Stability and Control of Hypersonic Airplanes
Hypersonic flight is generally understood to mean flight at Mach numbers above 5.0. The only experience with manned airplanes at hypersonic speeds has come from the North American/NASA X-15 and space shuttle Orbiter programs. Stability and control phenomena at hypersonic speeds are qualitatively no different than at moderate supersonic speeds. There is the same relative loss in the effectiveness of lifting stabilizing surfaces relative to fuselage-destabilizing moments. The high altitudes at which hypersonic flights are carried out lengthen the periods of uncontrolled motions, always a piloting problem.
The influence of the propulsion system on aerodynamic forces and moments is expected to be more extreme in powered hypersonic flight than at lower speeds. The reverse is also true in that slight sideslip angles could cause severe inlet problems, depending on details of the design. Sufficient control surface authority may be required to overcome yawing, pitching, and rolling moments caused by engine inlet unstarts precisely at altitudes where control moments are low because of low air density.

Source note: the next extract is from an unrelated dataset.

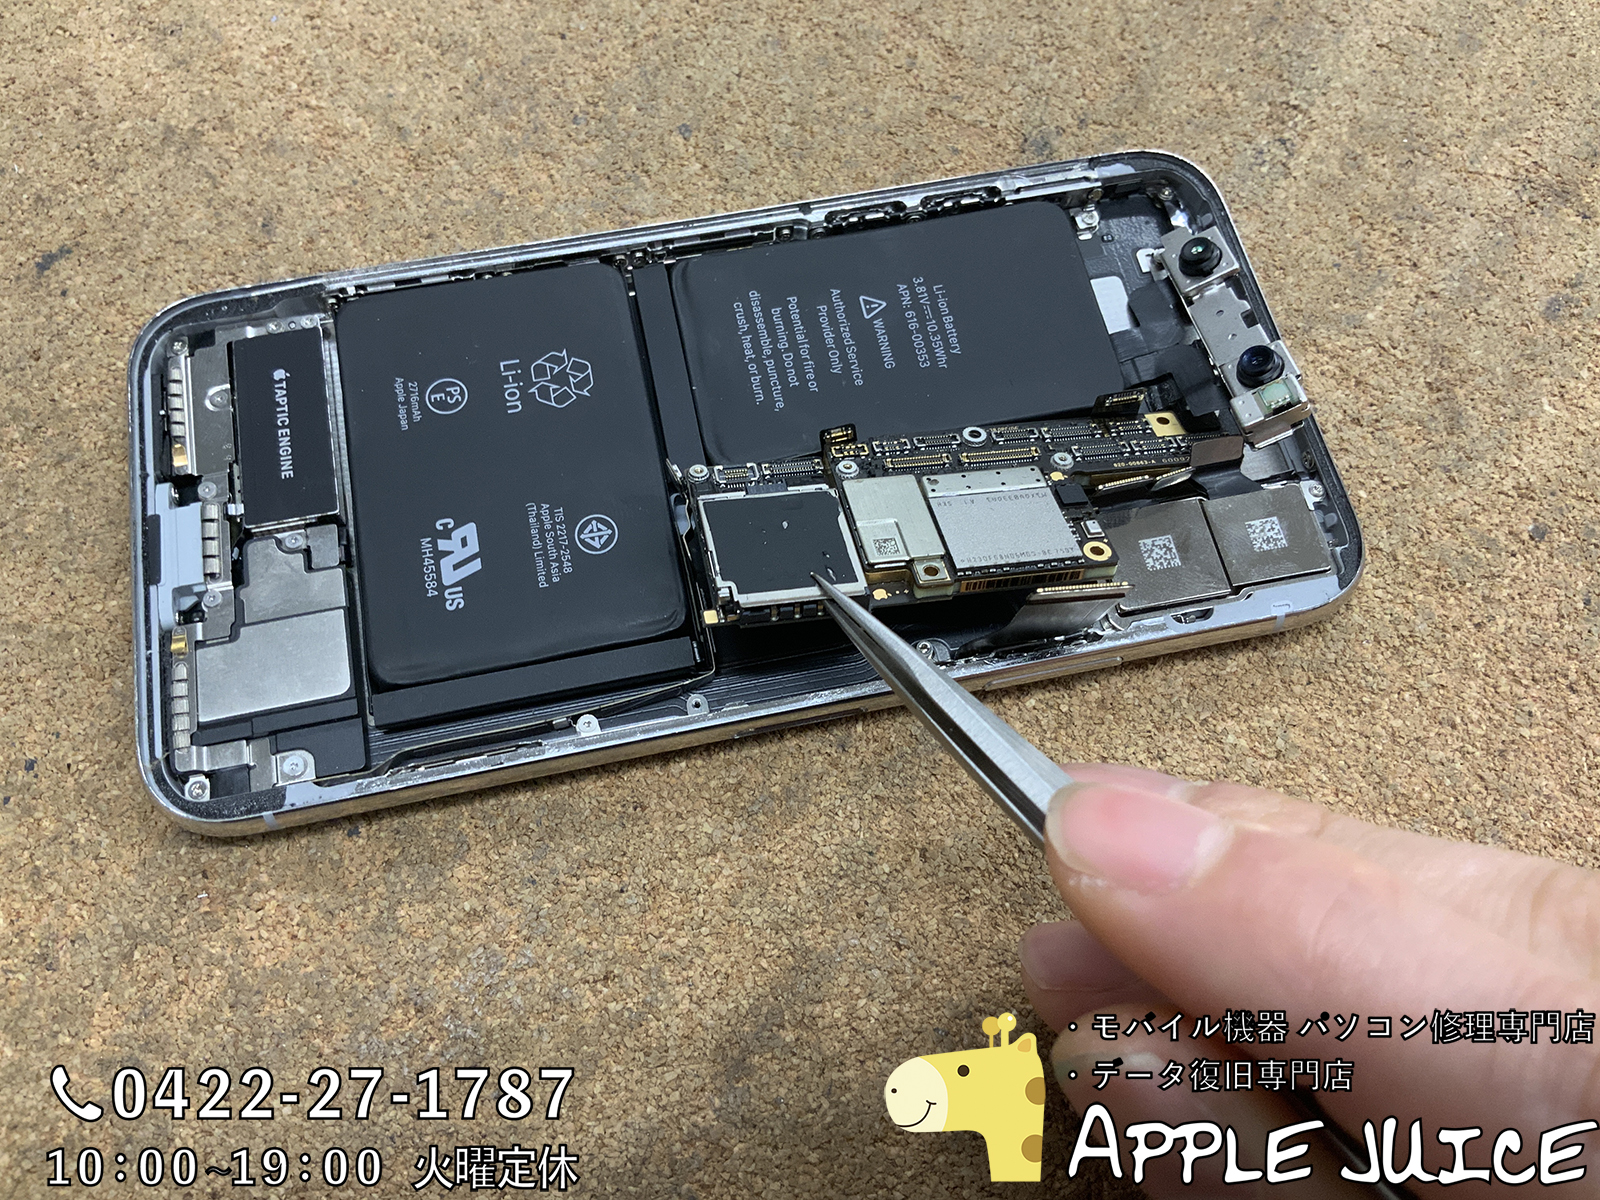 他店でiphoneの基板の破損 Cpuの破損でデータ復旧不可と言われても修理できる見込みあります 配送修理も承っており 見積もり無料ですのでご相談ください Iphone Ipad Ipod Mac修理 データ復旧 基板修理 Applejuice吉祥寺店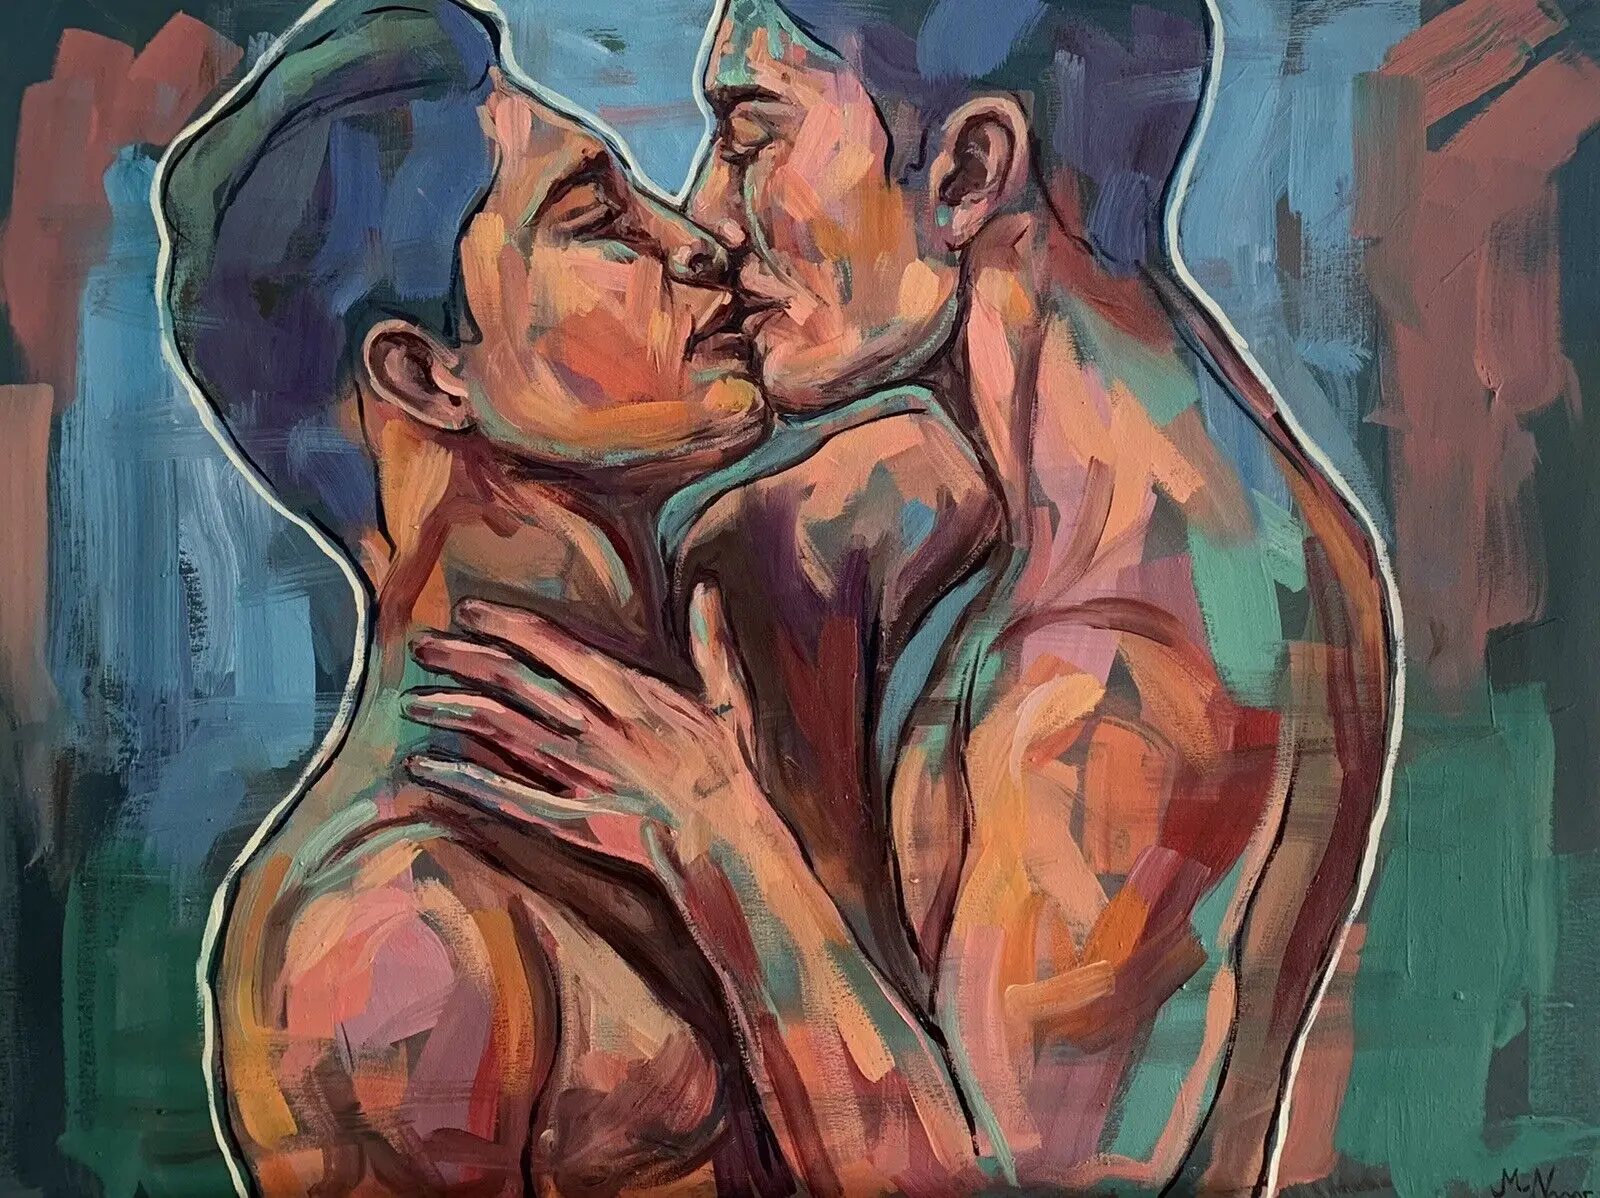 

100% handpainted Male Nude, Naked Man, Gay Erotic Queer Art, Men Kiss Oil Painting Homoerotic

However, the most pressing stability and control problems of hypersonic airplanes are probably encountered at low speeds, as a result of the unique design features that go along with hypersonic flight. Wing slats or drooped leading edges that could improve low-speed longitudinal and directional stability are apparently ruled out because of aerodynamic heating problems at seams in the forward lower wing surface. A hypersonic passenger airplane for long over-ocean flights remains an interesting, but probably distant, goal for aviation planners. The aerodynamic research that has gone into this concept so far has quite properly dealt mostly with performance and aerodynamic heating. Conceptual designs that have been published show configurations that look like stretched-out space shuttle Orbiters.